What I would give to belly chuckle, tears streaming down my face like a late August rain. One day, maybe, who knows? I am the product of an undeserved ass-whuppin’, I haven’t lost all my Mississippi Delta humor, but I sure don’t laugh like I used to. Understatement.

Sis visits me most days, maybe all days. I am not sure. I am not always present, though I can’t tell you where I go. The highlight of my day, no, my life, is when she reads a daily devotional to me from Jesus Calling, a daily reading from Tolstoy, and a chapter from the book of Proverbs. There are 31 chapters in Proverbs, so she reads me one per day.

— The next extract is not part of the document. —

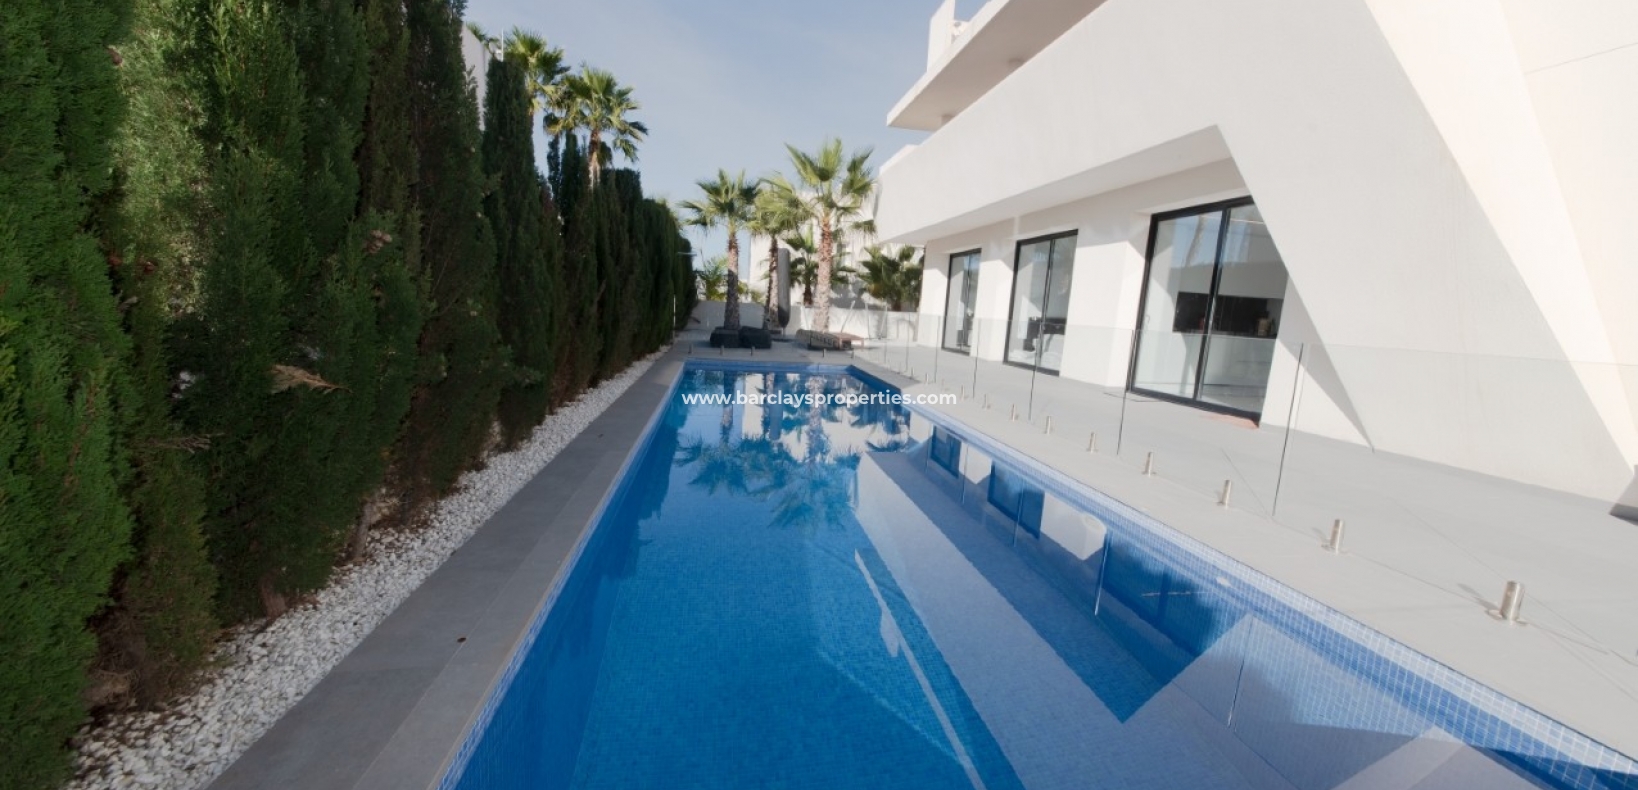 Zwembad - Nieuwbouw villa te koop in Urb La Marina

She also fills me in on “the news,” but she is careful not to upset me with things beyond my control, which is everything.

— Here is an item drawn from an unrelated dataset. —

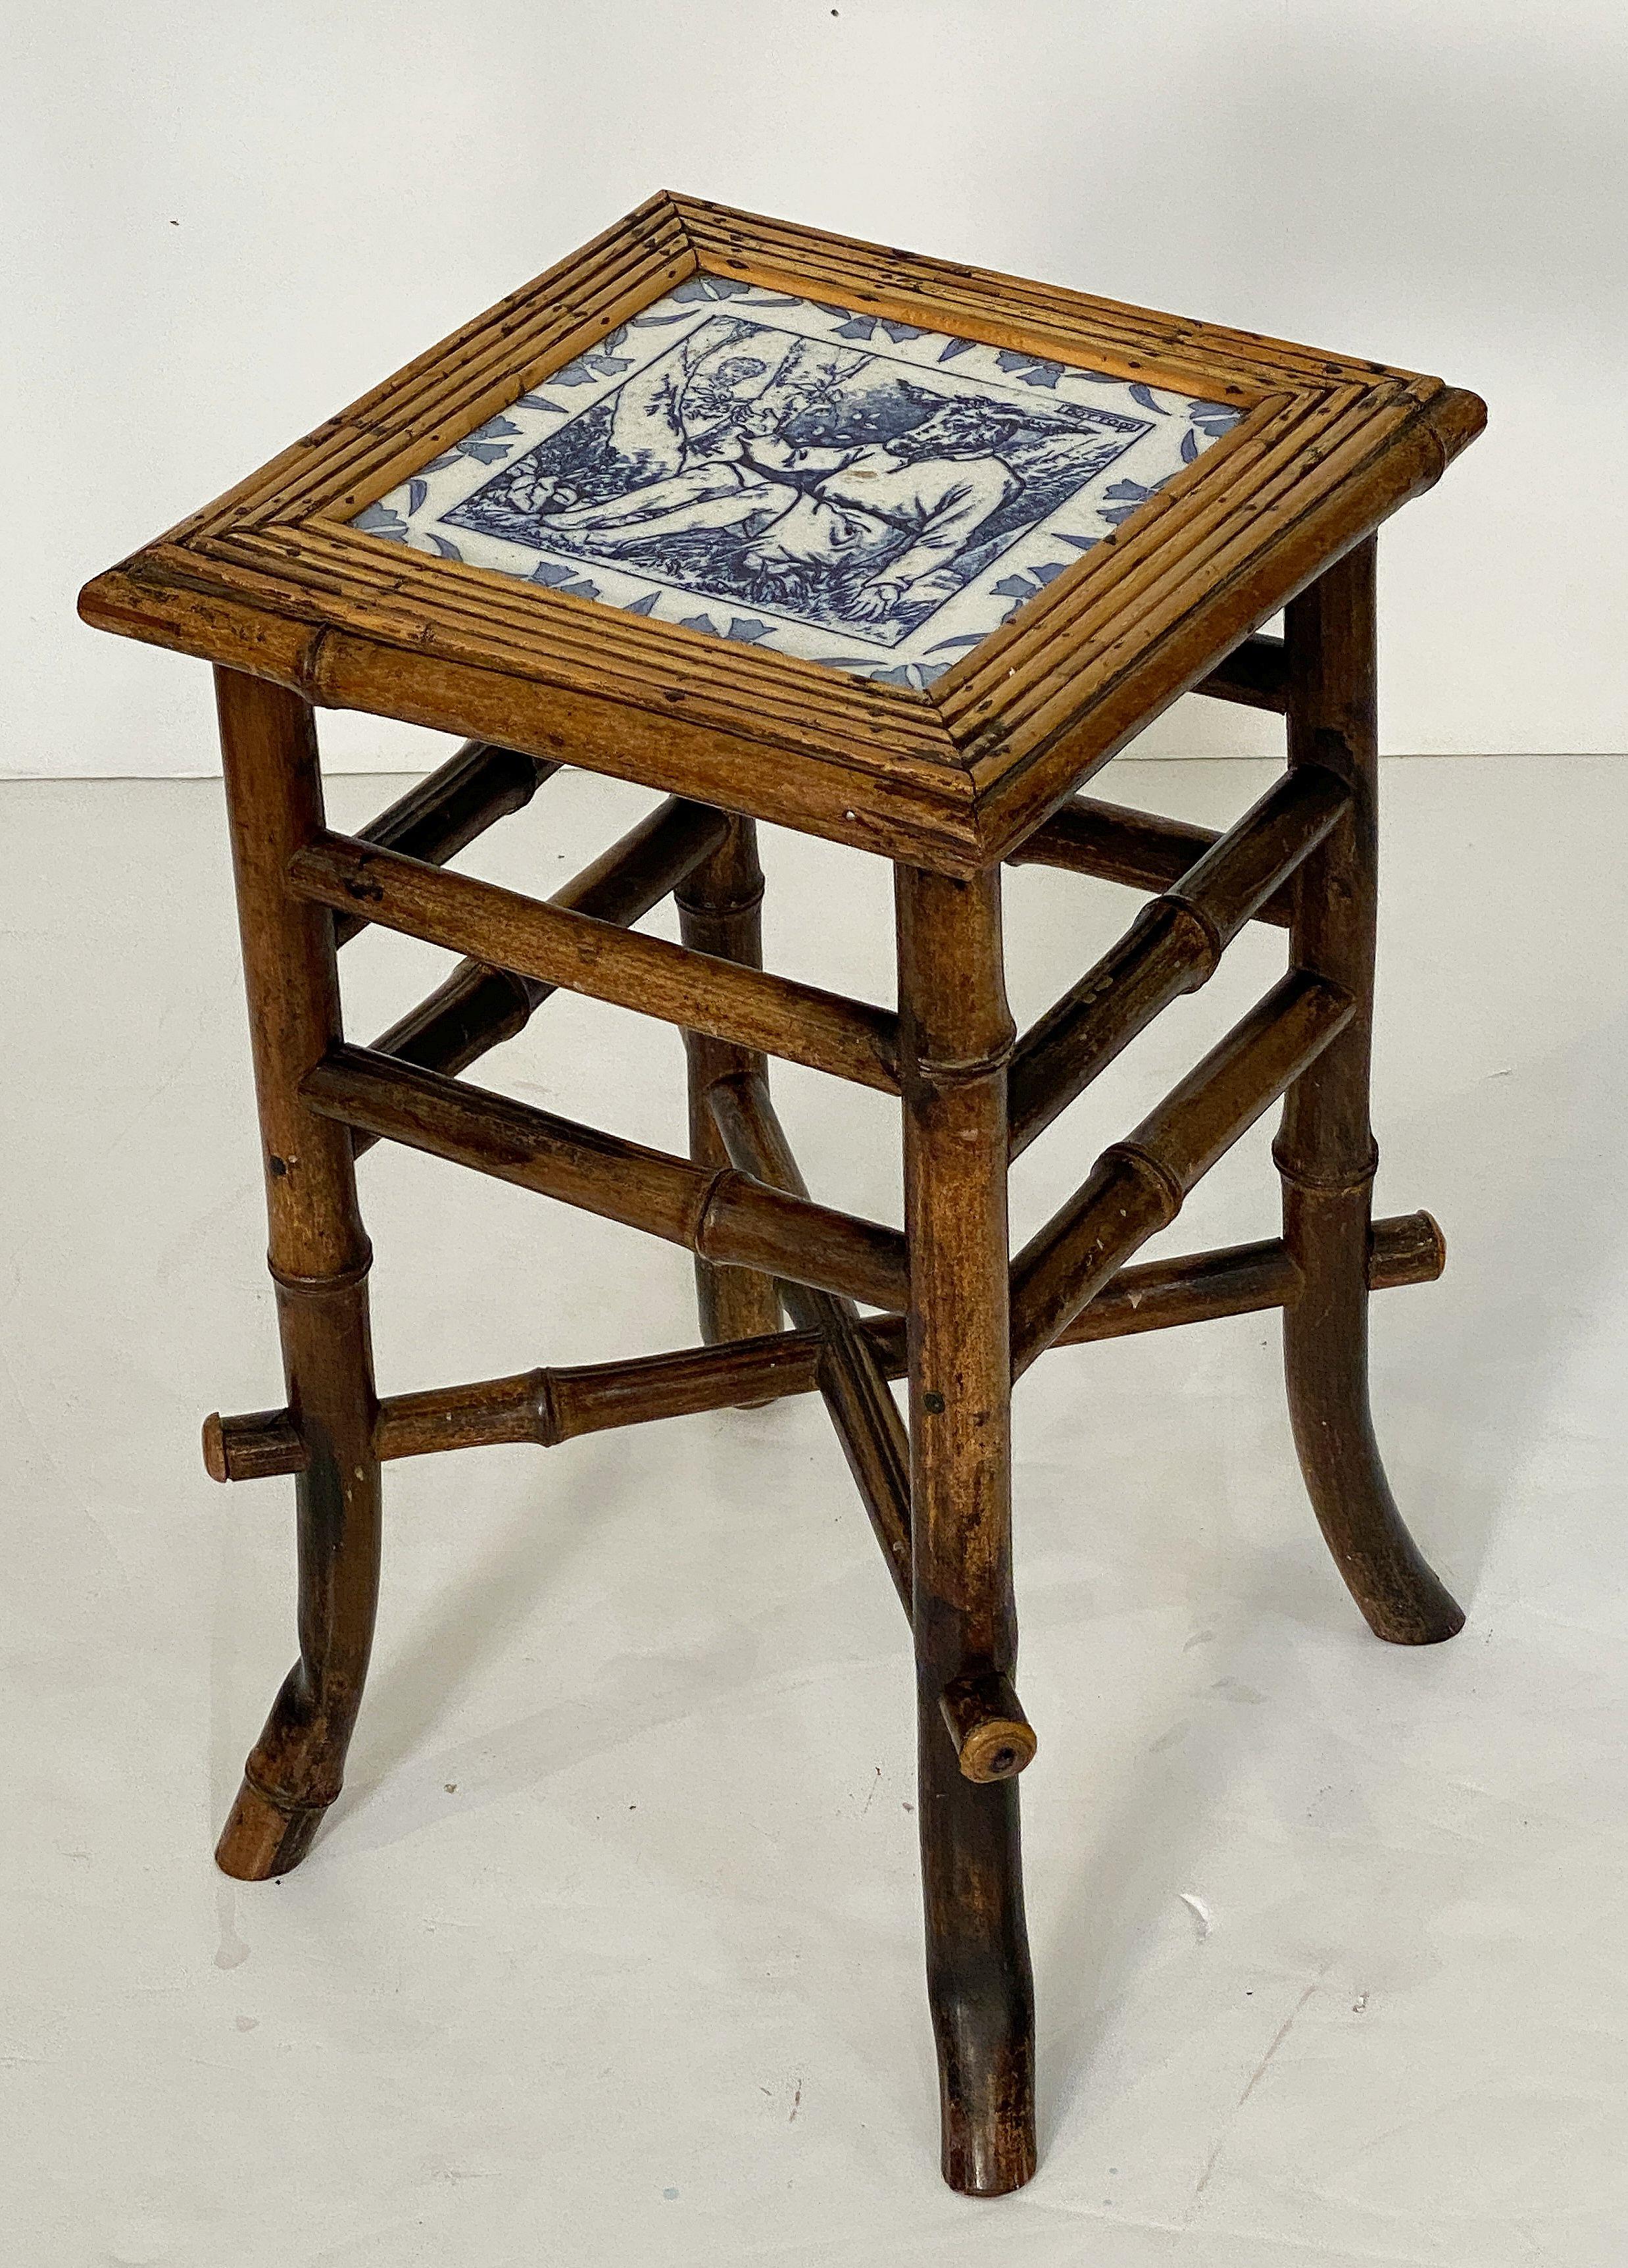 Table ou tabouret en bambou anglais de la période du Mouvement esthétique de la fin du XIXe siècle,  avec une belle finition patinée et une assise carrée en bambou avec un carreau de céramique bleu et blanc de Wedgwood représentant l'âne Nick

Tolstoy was a Russian writer who wrote the epic novel War and Peace. His Calendar of Wisdom was an effort to collect the “wisdom of the centuries in one book,” but it was also his favorite everyday reading. I started reading the devotional book not long prior to my change in circumstances. Proverbs and Jesus Calling were the other two books I had been reading faithfully for just a short time. Somehow out of this trinity of inspiration my time without temporal end has been endurable. I don’t understand why I am here, but God knows, and that’s all I know.

Today’s Tolstoy, September 4, was about “goodness!” Sis first read Tolstoy’s focusing theme quote of the day: “Real goodness is not something that can be acquired in an instant, but only through constant effort, because real goodness lies in constantly striving for perfection.”

The bad news for me is I can’t strive for anything, or can I, but the good news is I don’t have to worry about acquiring anything in an instant, because there are no instant anythings in my life. If God chooses not to let me hear the life-ending, flat-line beep of the deceased, then I got all the time in the world.

The second and culminating quote for today was: “Strive for goodness without any expectations for rapid or noticeable success. You will not see the results of your efforts, because the further you progress, the higher the ideal of perfection toward which you strive rises. The effort of striving for goodness, the process itself, justifies our lives.”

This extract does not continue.